Top of DATA FOR ANALYSIS
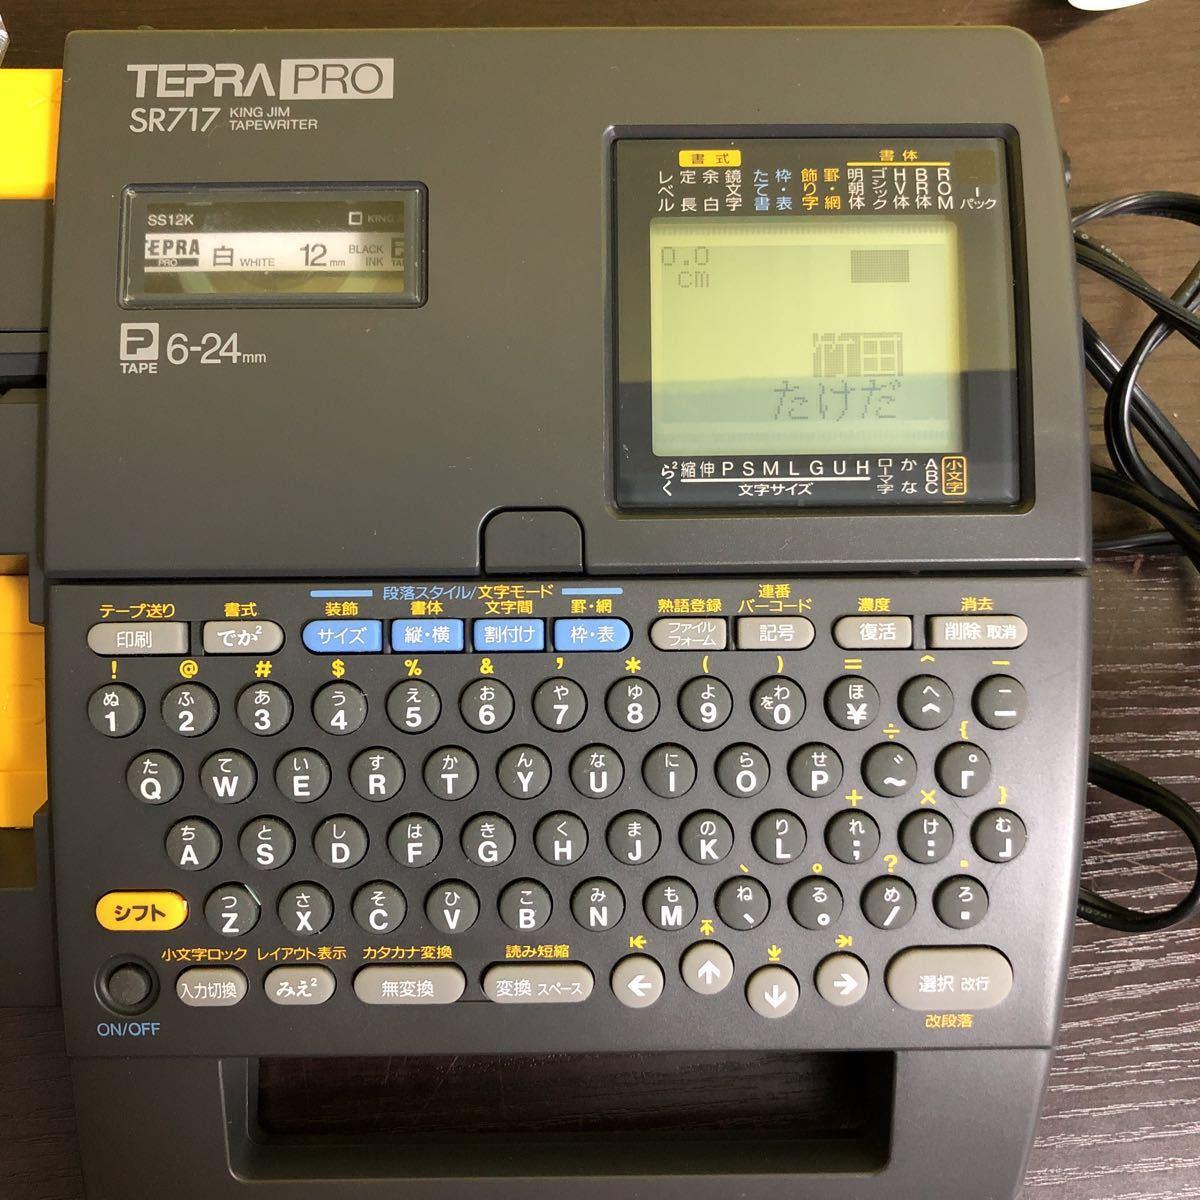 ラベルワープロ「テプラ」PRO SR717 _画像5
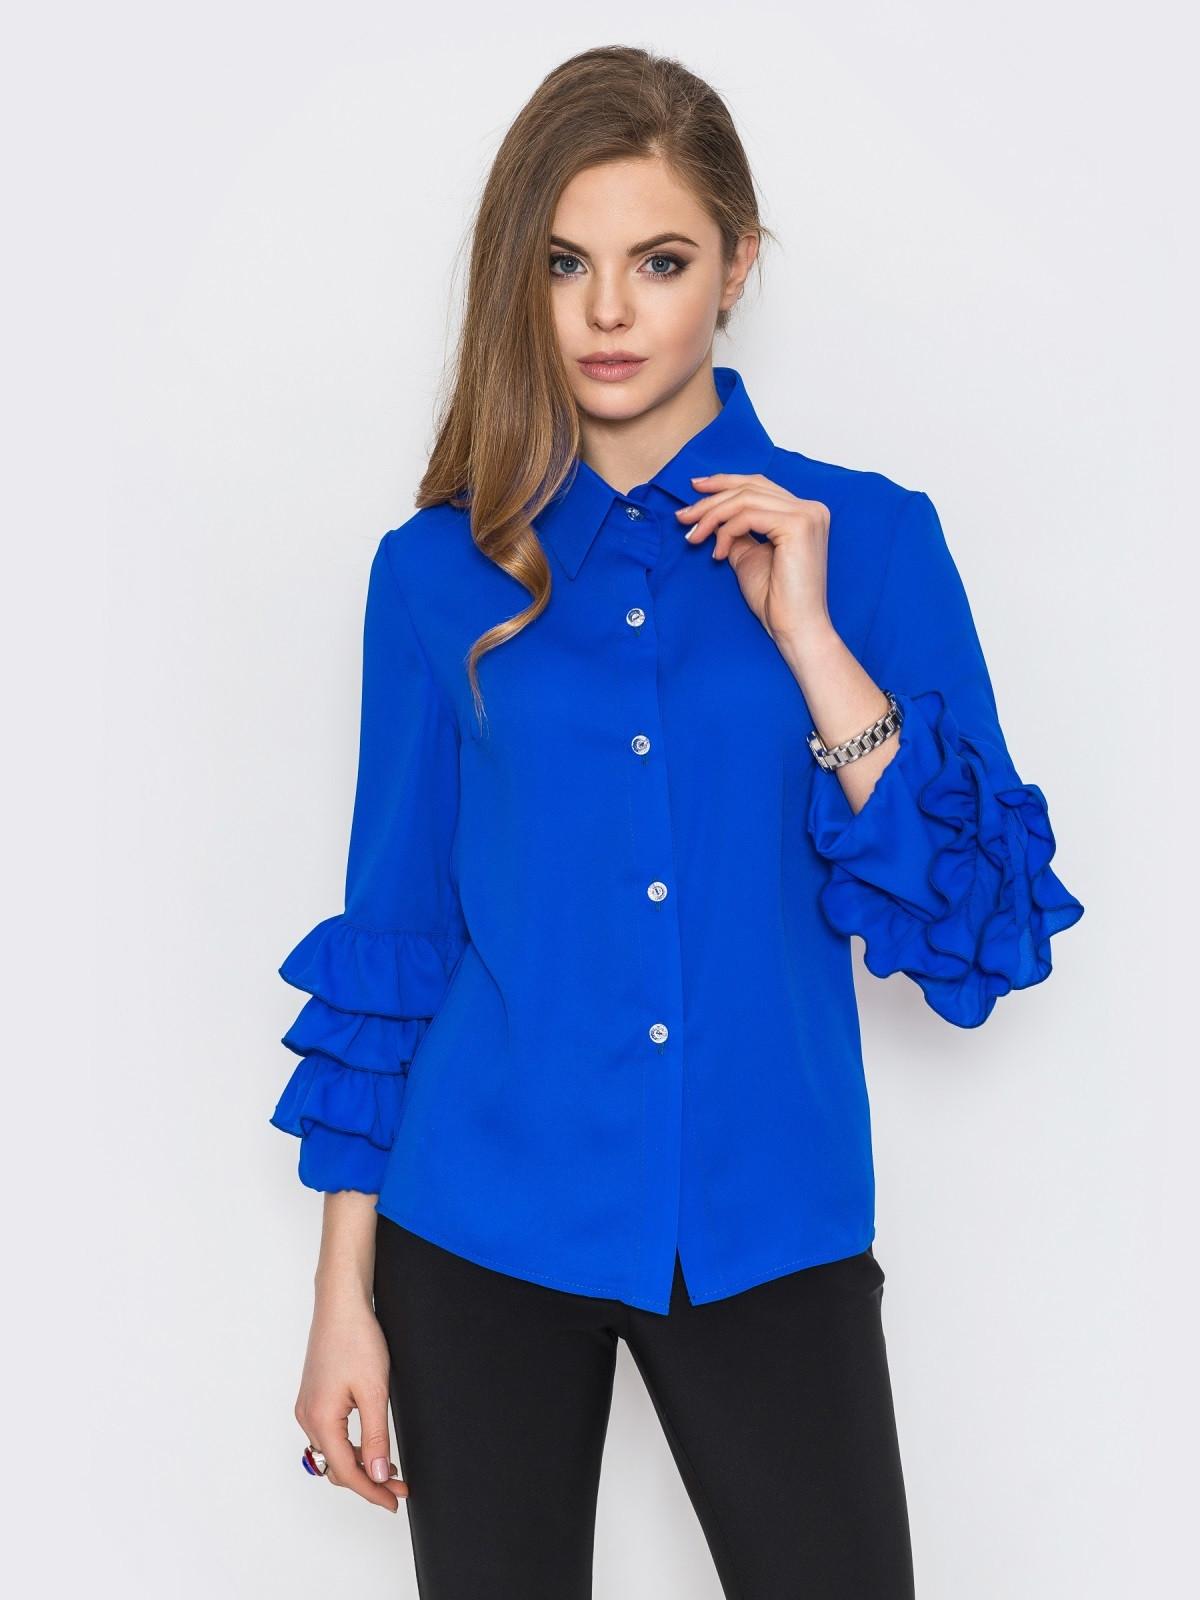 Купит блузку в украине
Bottom of DATA FOR ANALYSIS
Top of DATA FOR ANALYSIS
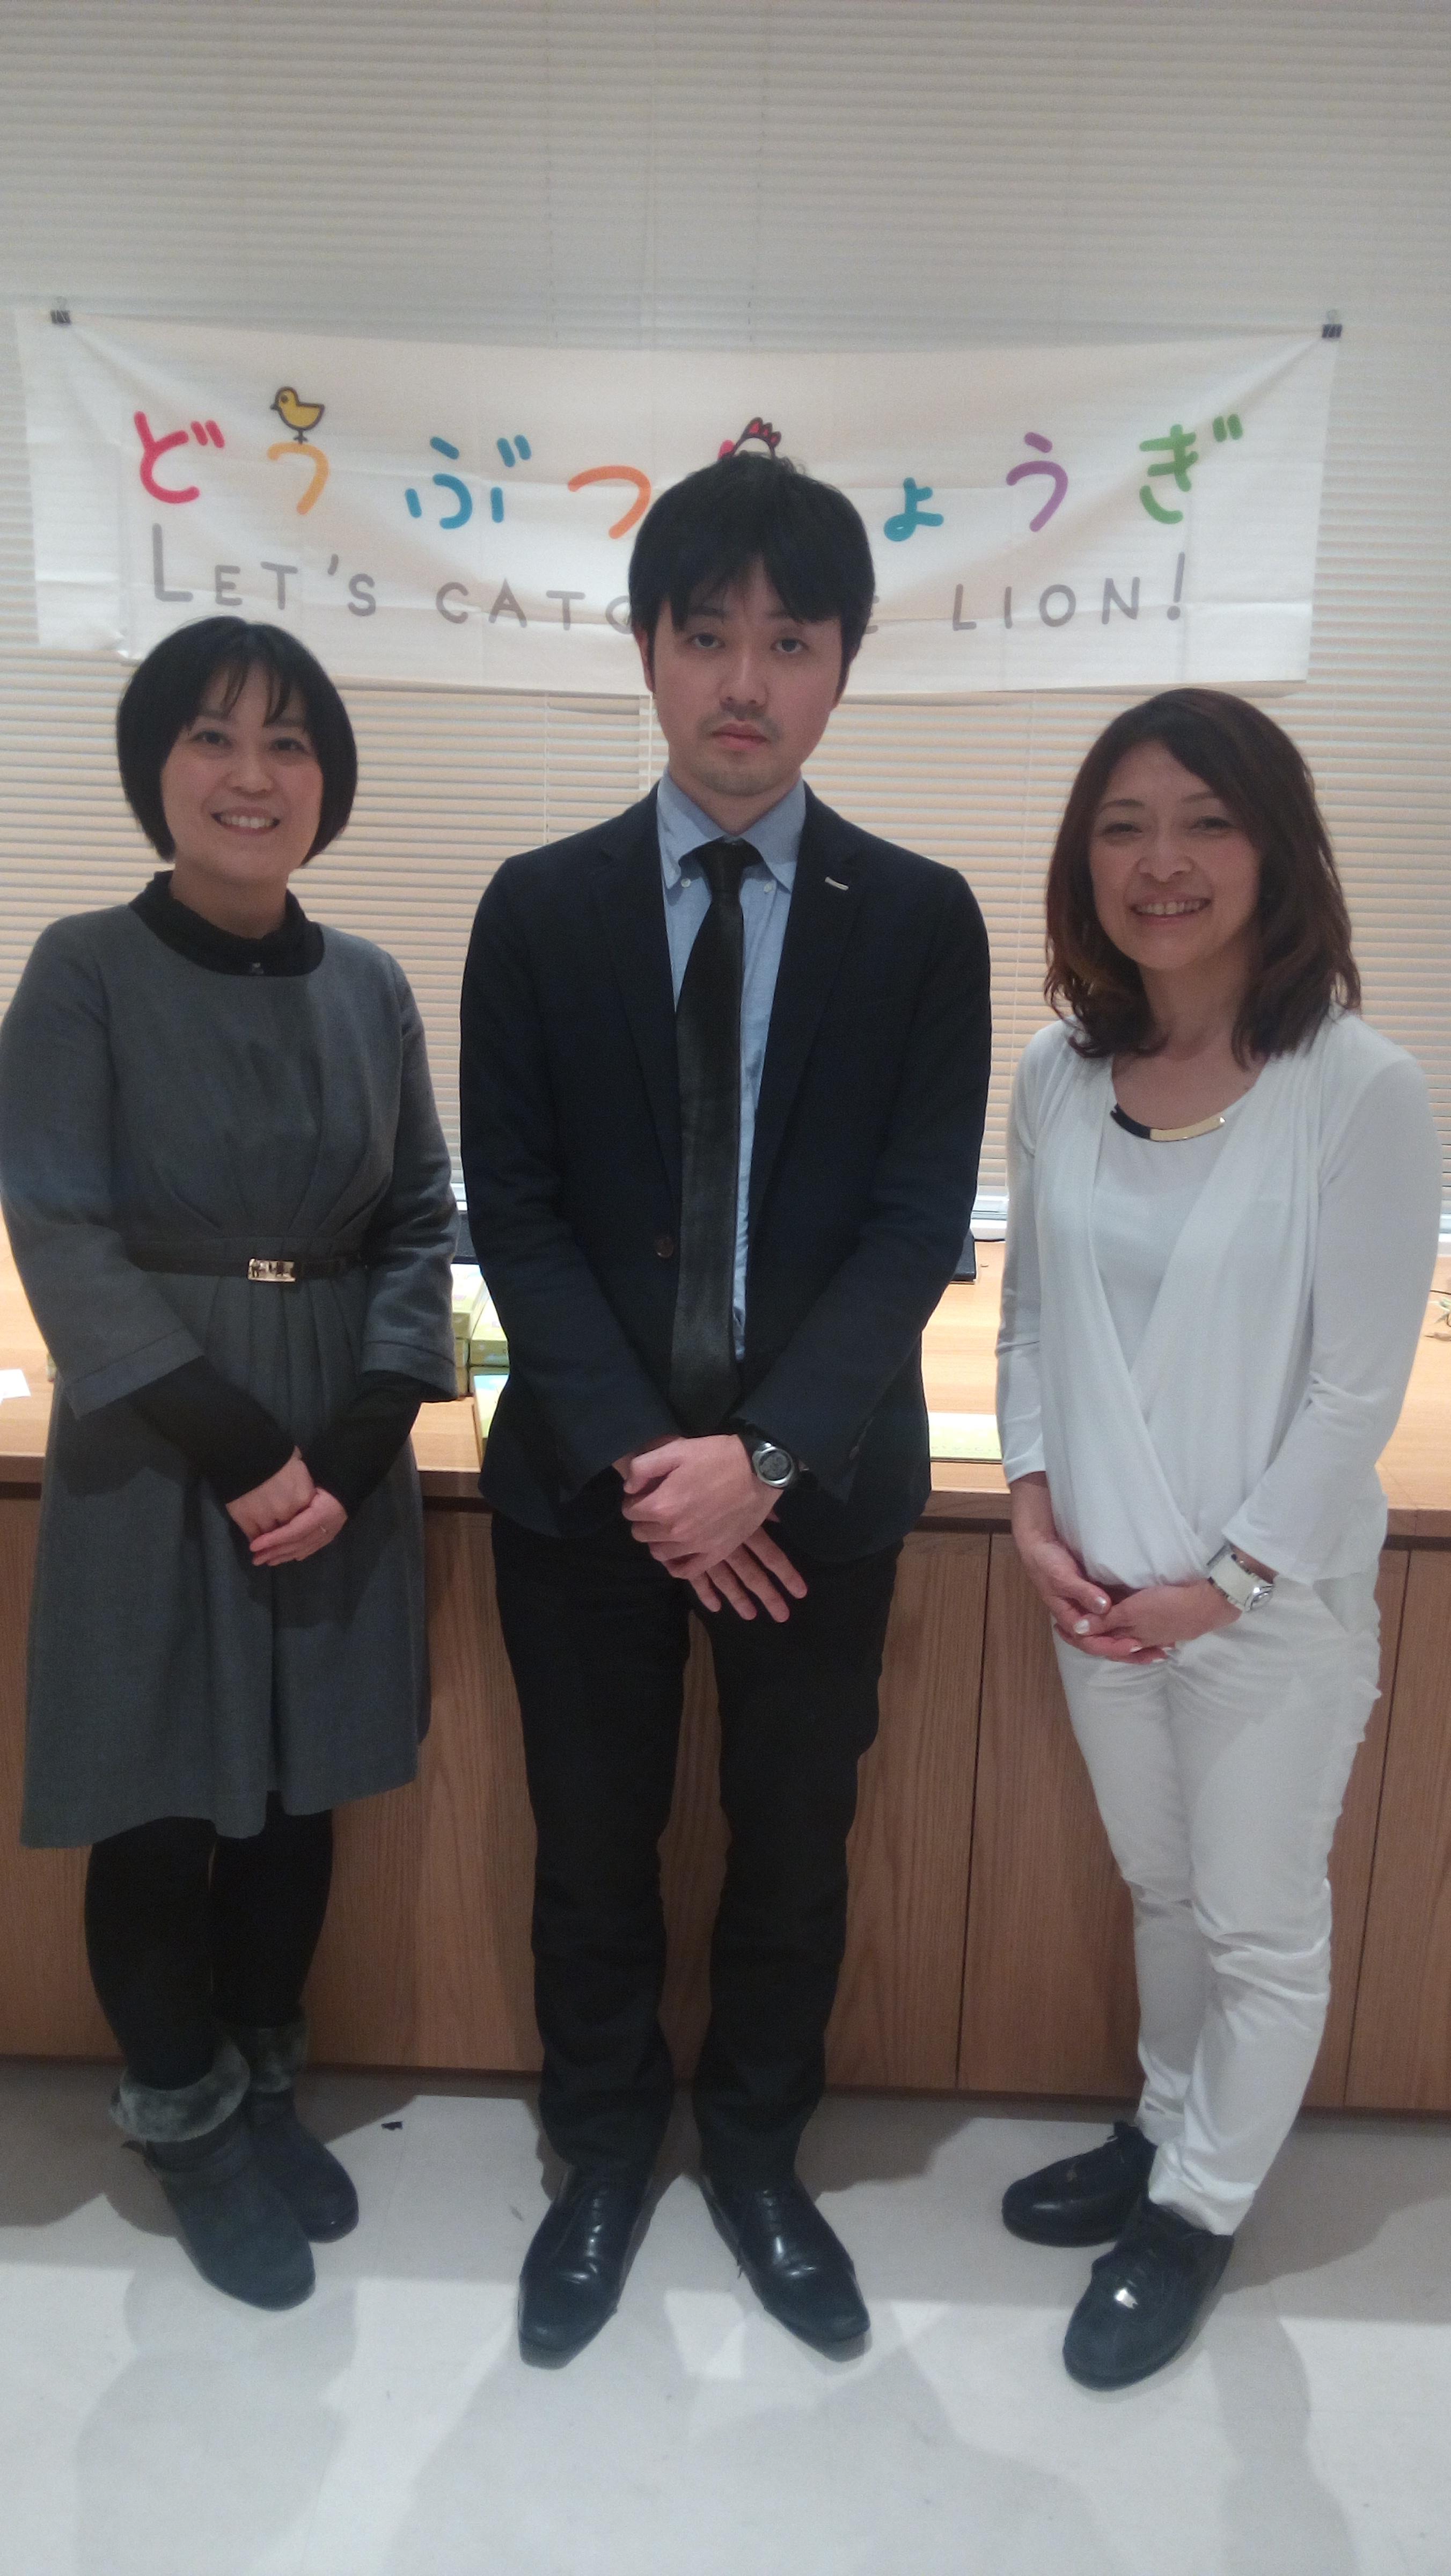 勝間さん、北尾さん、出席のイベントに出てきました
Bottom of DATA FOR ANALYSIS
In the listing above, find the line with "ラベルワープロ「テプラ」PRO SR717 _画像5" and the line with "Купит блузку в украине". Copy exactly those lines and all between them, minus the images.

 ラベルワープロ「テプラ」PRO SR717 _画像5
 Купит блузку в украине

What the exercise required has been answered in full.